Theoretical study of the photochemical isomerization process of perfluoroaryltetrahedrane to perfluoroarylcyclobutadiene mediated by 9,10-dicyanoanthracene

The photoisomerization process between tetrahedrane (THD) and cyclobutadiene (CBD) has attracted tremendous attention during the past two decades due to its potential application toward designing new materials. Recently, an experimental study found that perfluoroaryl-substituted tetrahedrane could isomerize to its cyclobutadiene derivative under irradiation > 420 nm. In this paper, the detailed mechanism of this photoisomerization process will be investigated using density functional theory and time-dependent density functional theory. These results suggest that the chromophore 9,10-dicyanoanthracene is first activated under light irradiation, and then, electron transfer occurs from perfluoroaryltetrahedrane to the chromophore to form its cation derivative. The electron transfer process has been theoretically confirmed by the location of the crossing point between two excited states of the perfluoroaryltetrahedrane and 9,10-dicyanoanthracene complex in which the higher excited state can be denoted as the local excitation of 9,10-dicyanoanthracene and the lower excited state is characterized as the charge transfer state. After that, the cation of perfluoroaryltetrahedrane can easily isomerize to the perfluoroarylcyclobutadiene cation with a barrier of 6.2 kcal/mol.
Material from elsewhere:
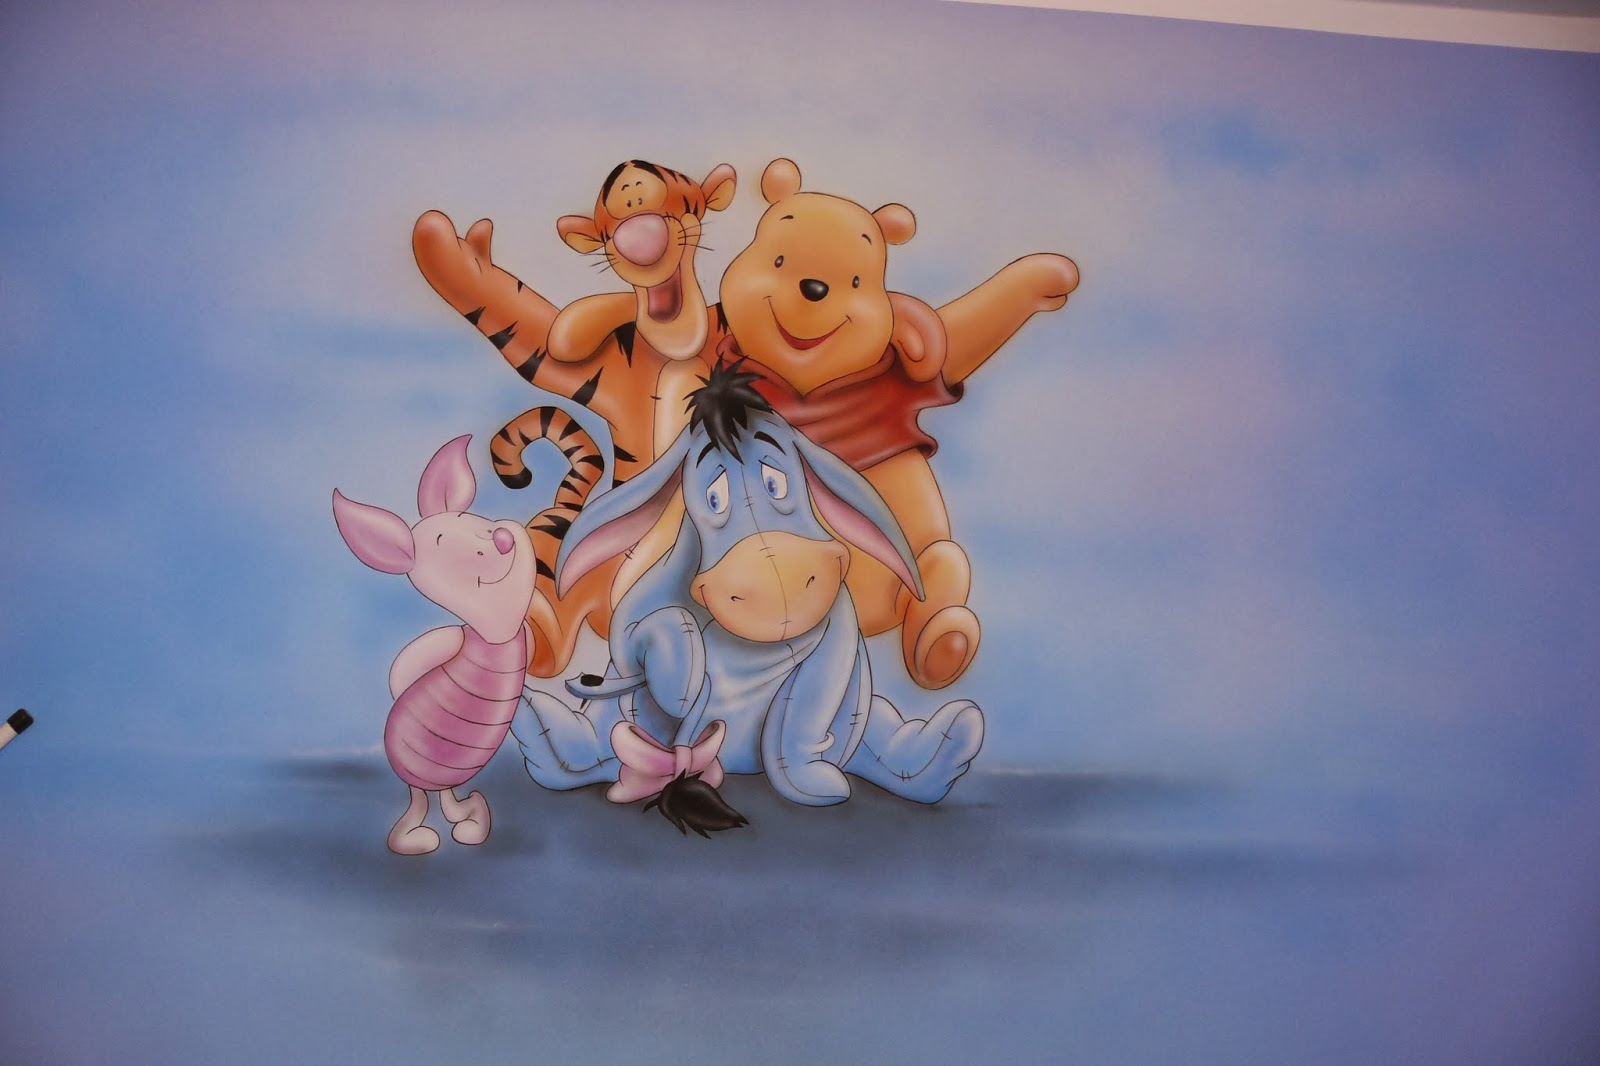 Artystyczne malowanie ściany, motyw przedstawia Kubusia Puchatka, obraz namalowany na ścianie w pokoju dziecka
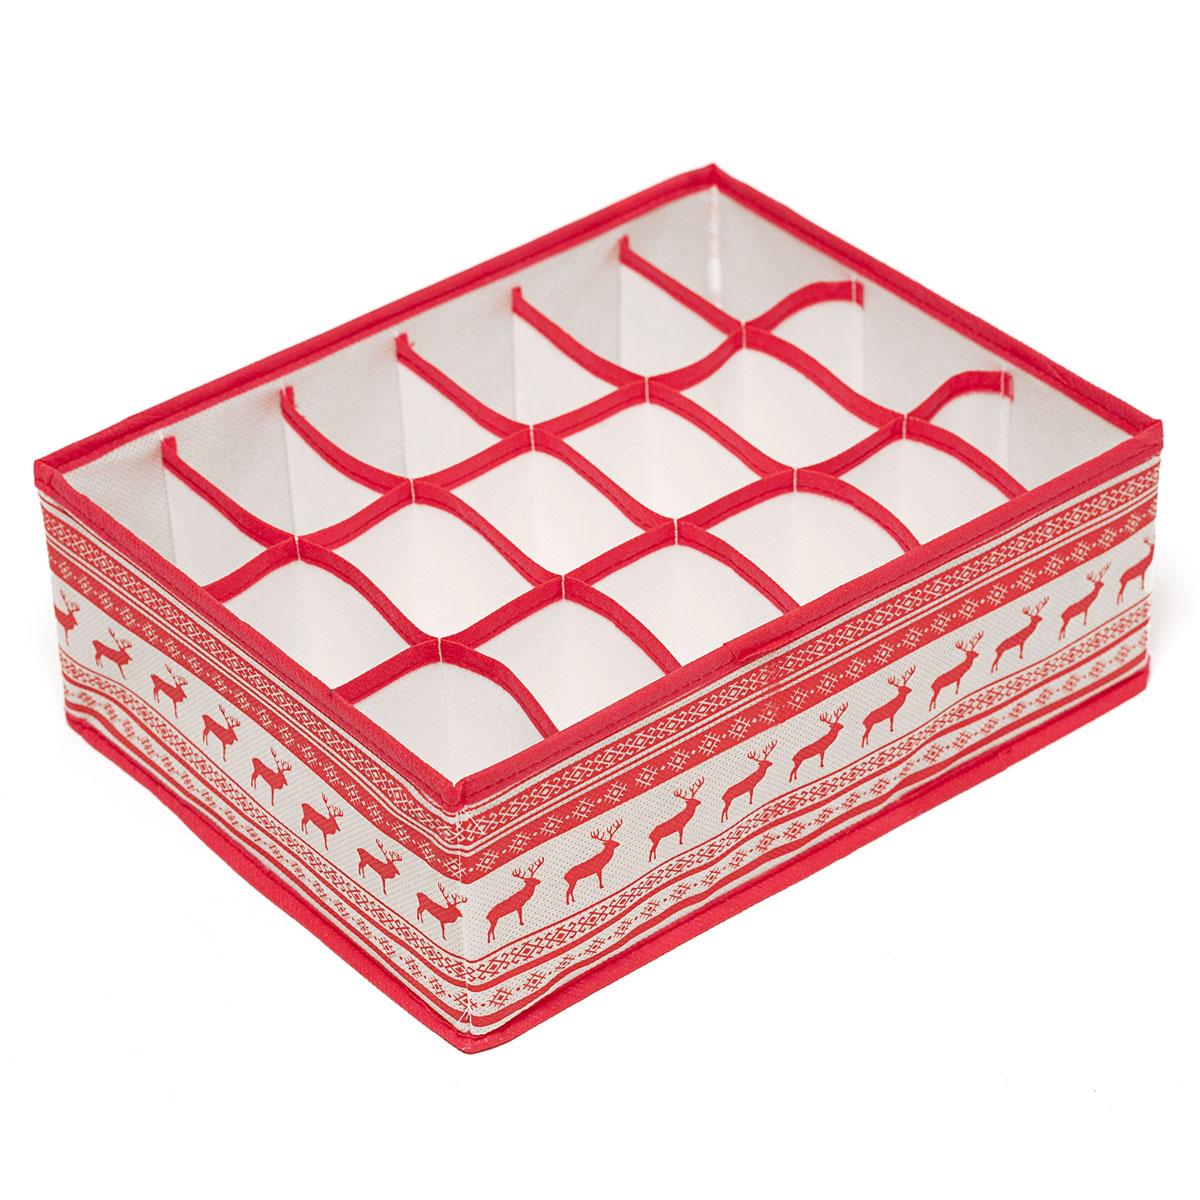 Органайзер для хранения вещей Homsu Scandinavia, 18 секций, 31 х 24 х 11 смTD 0033Компактный складной органайзер Homsu Scandinavia изготовлен из высококачественного полиэстера, который обеспечивает естественную вентиляцию. Материал позволяет воздуху свободно проникать внутрь, но не пропускает пыль. Органайзер отлично держит форму, благодаря вставкам из плотного картона. Изделие имеет 18 квадратных секций для хранения носков, платков, галстуков и других вещей.Такой органайзер позволит вам хранить вещи компактно и удобно.Размер секции: 7 х 5 см.

After isomerization, the electron could transfer back from perfluoroarylcyclobutadiene to 9,10-dicyanoanthracene, and thus, 9,10-dicyanoanthracene can be considered as the photocatalyst of the isomerization process. The studied mechanism in this work could be helpful to reveal the nature of the isomerization process between THD and CBD and instructive for the design of new light control materials.